#### What you should do
The answer must reproduce the listing exactly, with every picture left out.

#### Dataset excerpt
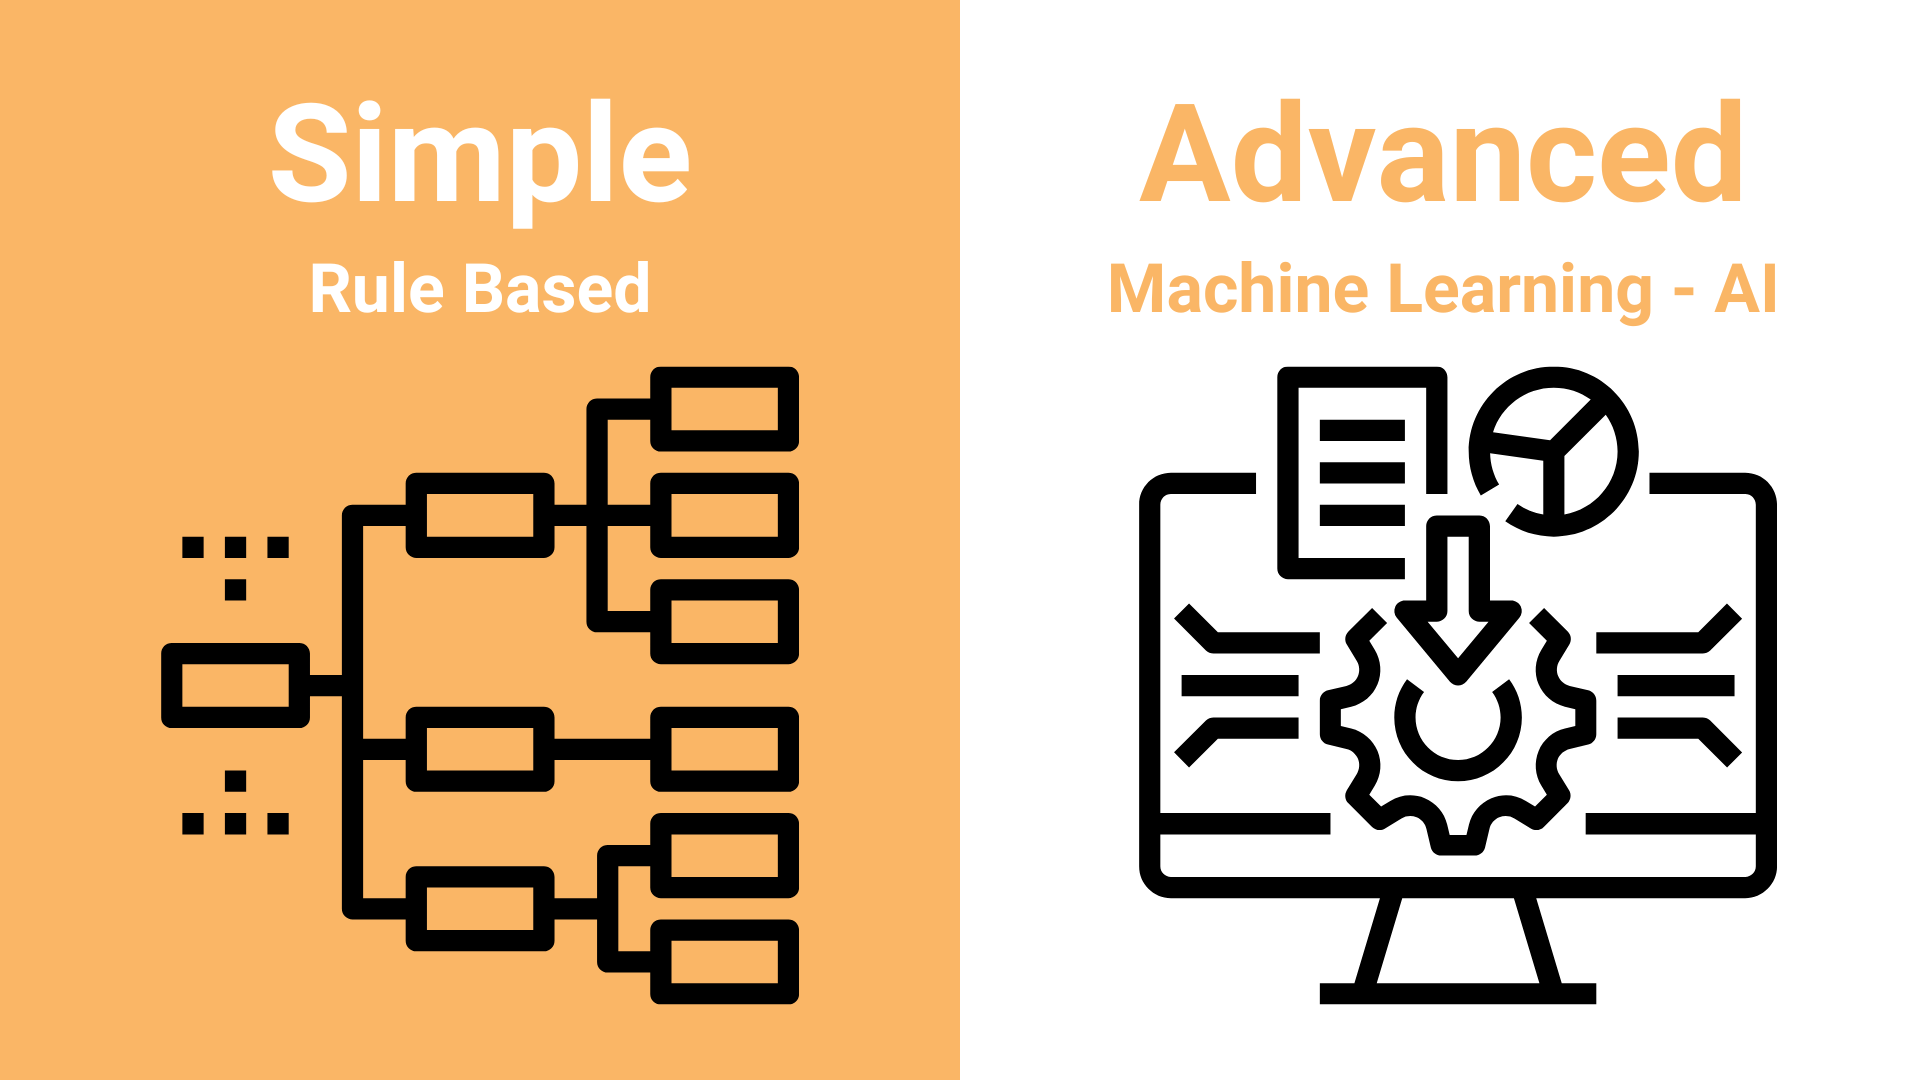 An illustration in two parts. The left side is titled Simple Rule Based, and has an illustration of a flow chart. The right side is titled Advanced Machine Learning AI, and has a picture of information flowing into a gear inside a computer.
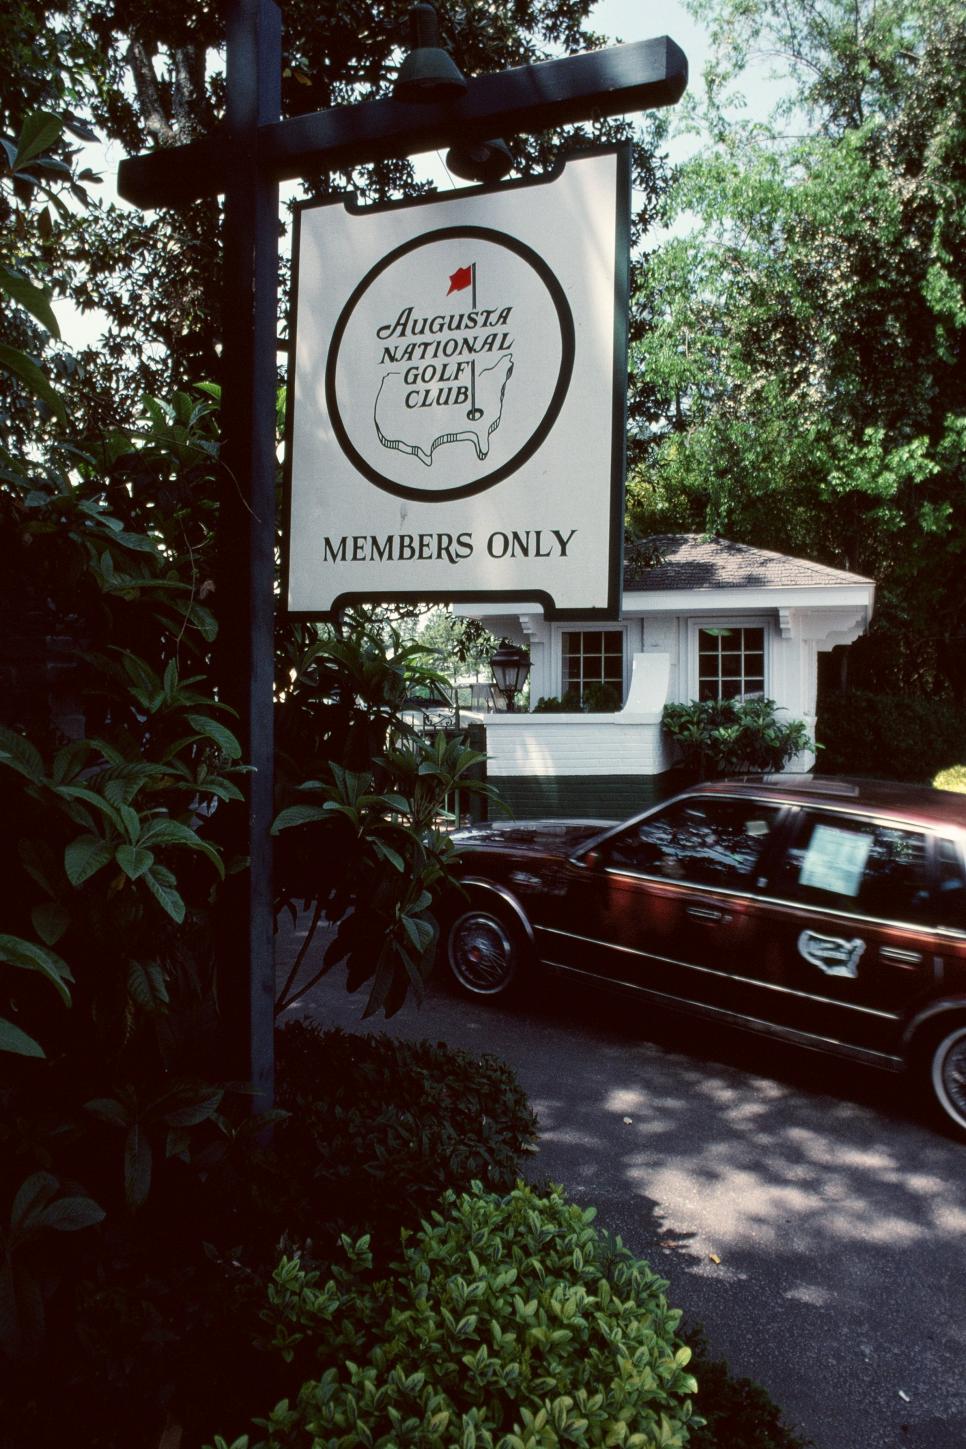 A Car Enters The Golf Club At The Main Entrance During The 1982 Masters Tournament
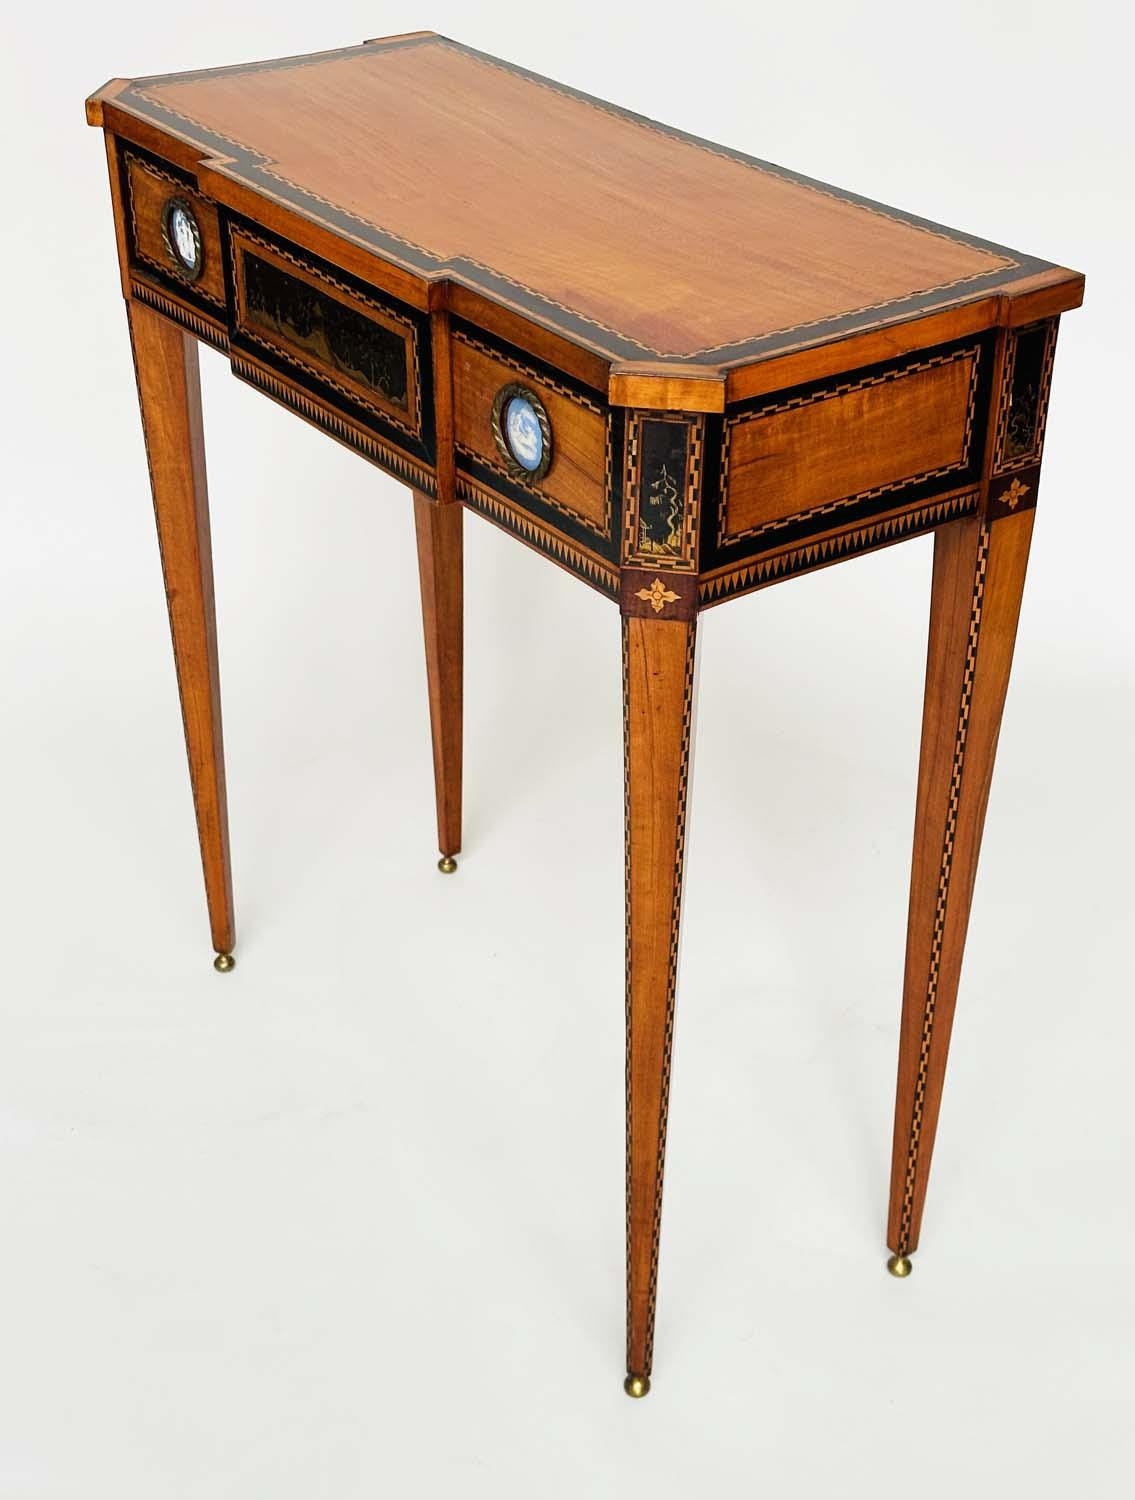 DUTCH HALL TABLE, early 19th century satinwood and ebony of breakfront form with full width frieze - Image 4 of 8

#### Task response
 An illustration in two parts. The left side is titled Simple Rule Based, and has an illustration of a flow chart. The right side is titled Advanced Machine Learning AI, and has a picture of information flowing into a gear inside a computer.
 A Car Enters The Golf Club At The Main Entrance During The 1982 Masters Tournament
 DUTCH HALL TABLE, early 19th century satinwood and ebony of breakfront form with full width frieze - Image 4 of 8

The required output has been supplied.